I am making my second turn. I am really enjoying this run. Virtual Dena is jogging beside me. Today she is my running partner, it's nice. As I top the peak of this mound (or small hill) I look out of the mountains. I have been concentrating on just keeping my legs moving for these last few runs that I had forgotten how beautiful it is. It really must be better to look up when you run. There is such beauty that the concrete sidewalk just does not offer. Hey, I think that is the antenna of Sweat Mountain in Marietta. I used to live near it and drove up the mountain once. I remember thinking to myself, "if there was a loose railing on your deck, I just hope that someone would be coming home soon". "Because if it broke, the next time they might see you would be at the morgue". "It would take days to find someone". It is beautiful view off that mountain though.

I have made it downhill and am halfway. Back up a hill. I told you this subdivision might kill a newbie camper. And on the sidewalk, a fresh pile of yard cuttings. "What is it with the yard trash"? "I guess runners, walkers, maturing adults, and babies in strollers are just not important". "So what if they have to get in the street with oncoming traffic"?

I am once again so engrossed in my conversation with the homeowners in my head that I don't realize that I have now made it to the bottom of the hill. Alright, the last quarter of my run! I am in my zone. Dena is still keeping with my slower pace. I make it around the turn, the next turn and back to the homestretch. I turn the corner and THERE is the last hill that my mind freaks out on. Dena is watching my face. "You can do this, just one foot at a time". "I think I can, I think I can". "I know I can, I know I can". I am the little running engine and I am making it. I am at the top. I make that last turn. I can see my yard. My legs are now sprinting without me having to encourage. Ah, cool wet oasis of green. "Come to me, I will embrace you with wet dew" it seducingly calls to me. I am almost there. I leave the sidewalk and sprinting to the shaded cool area. "I love you cool wet grass" I tell it.

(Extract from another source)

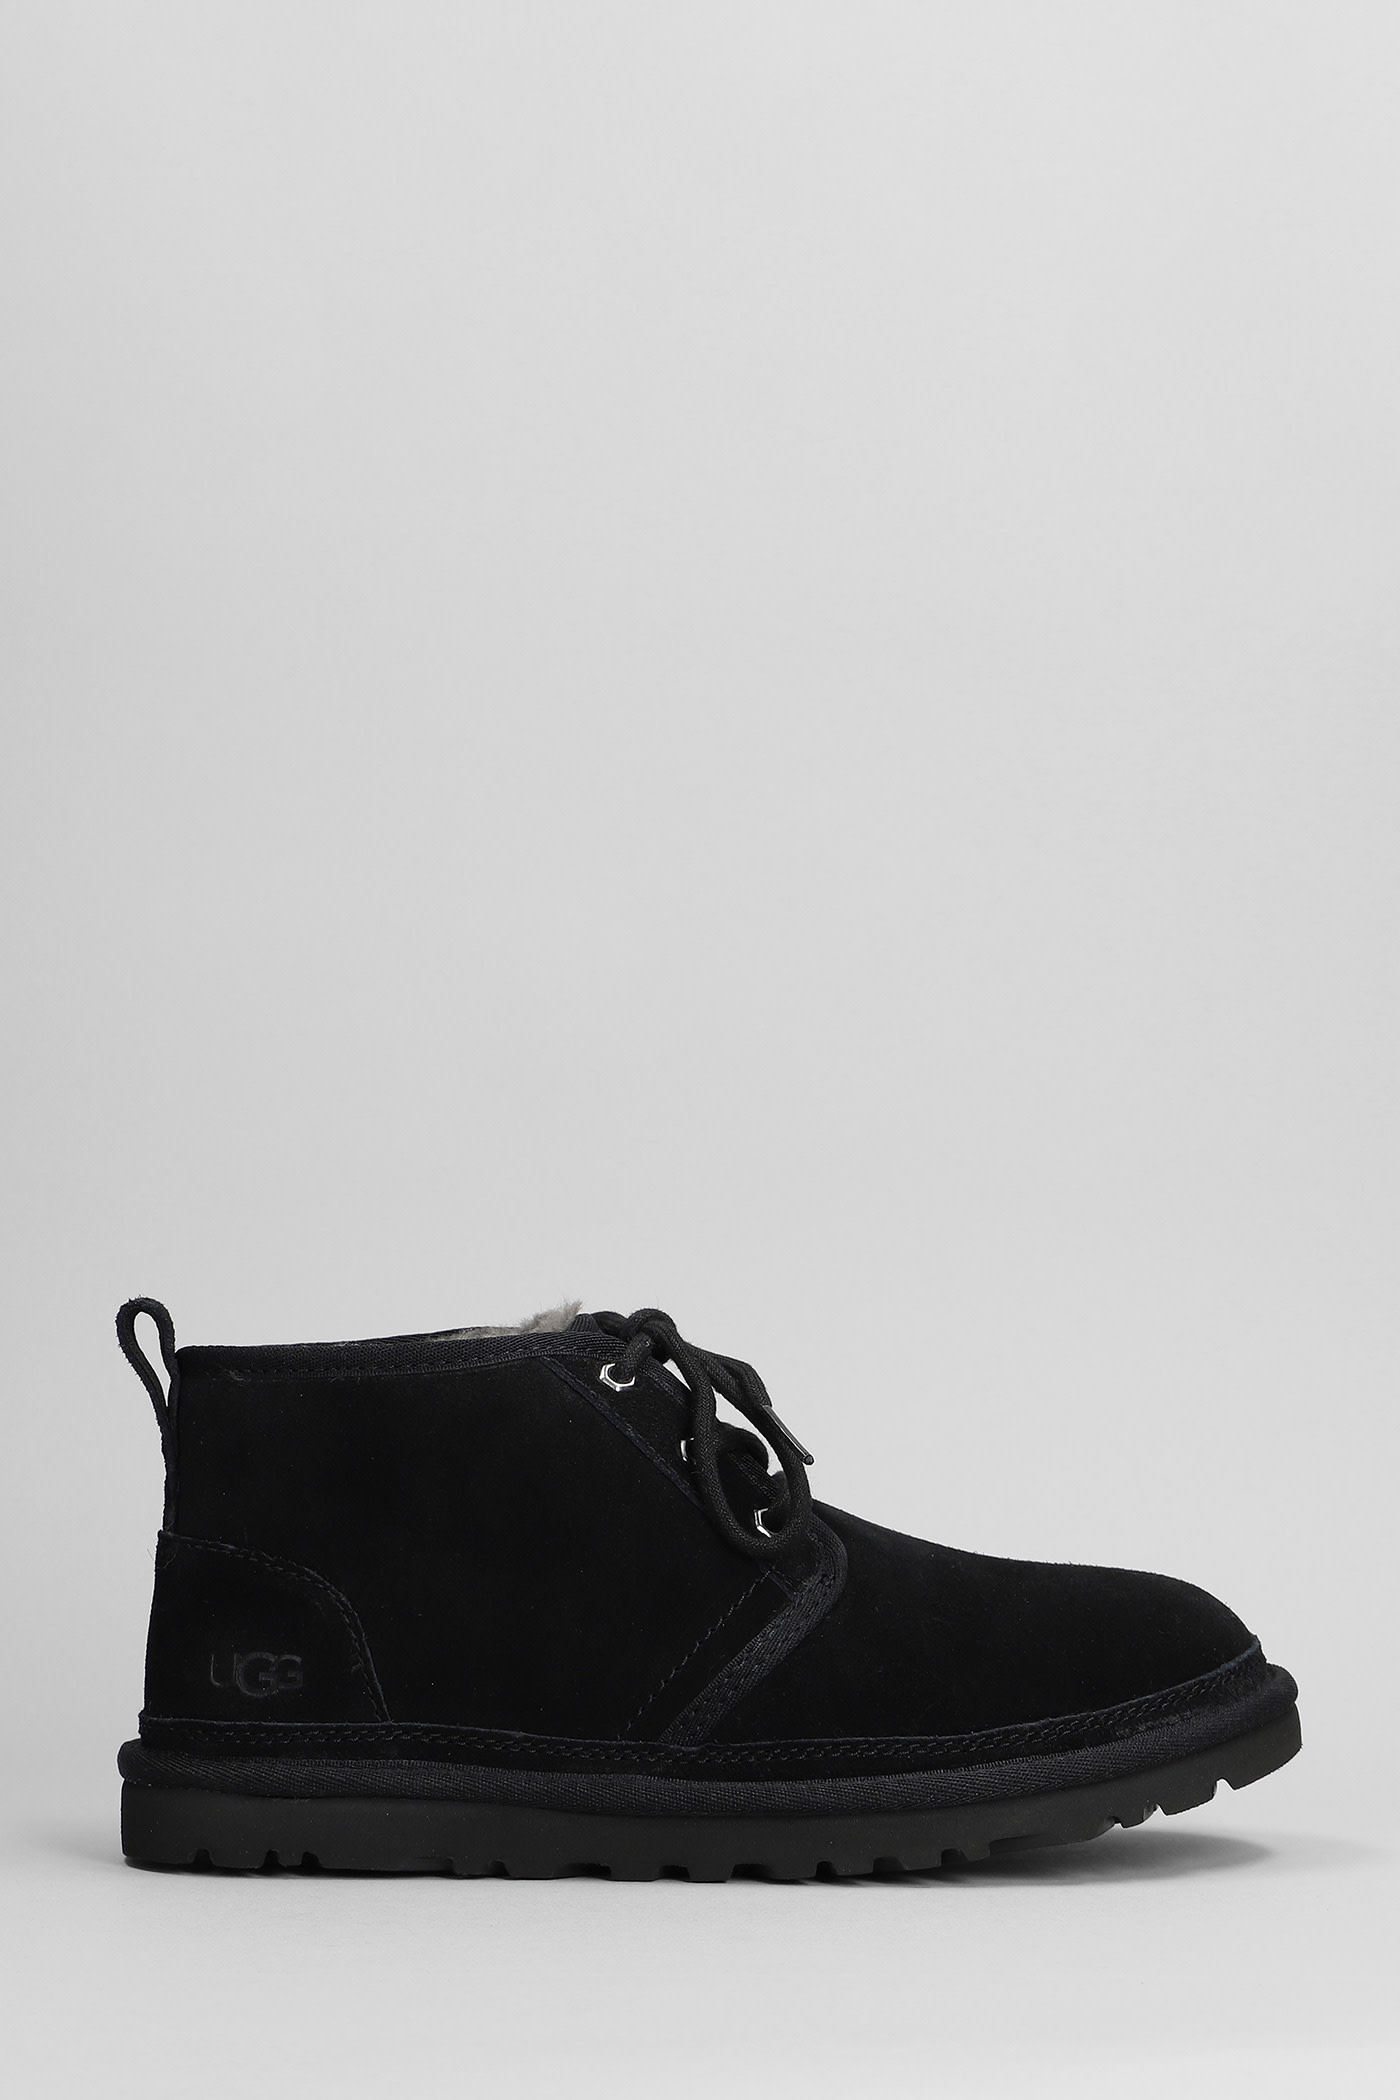 UGG NEUMEL LACE UP SHOES IN BLACK SUEDE

I lie for a brief moment basking in the dew. It is such a wonderful feeling. I start my sit ups, I am pushing hard. With a horrible grimace on my face I finish 42 boot camp sit ups. I now start my oblique sit ups, two different variations. I transition to my push ups. I complete 30 and have to move to modified ones for the wide arm push ups. I just am not yet strong enough for real ones.

And then cool down. Wonderful loving cool down. Today I am so proud of my legs, they worked with me. And I tell them. Now it is their turn to stick their tongue out at the lungs.

And as always....til tomorrow...keep a smile on your face, a song in your heart and healthy food at your fingertips.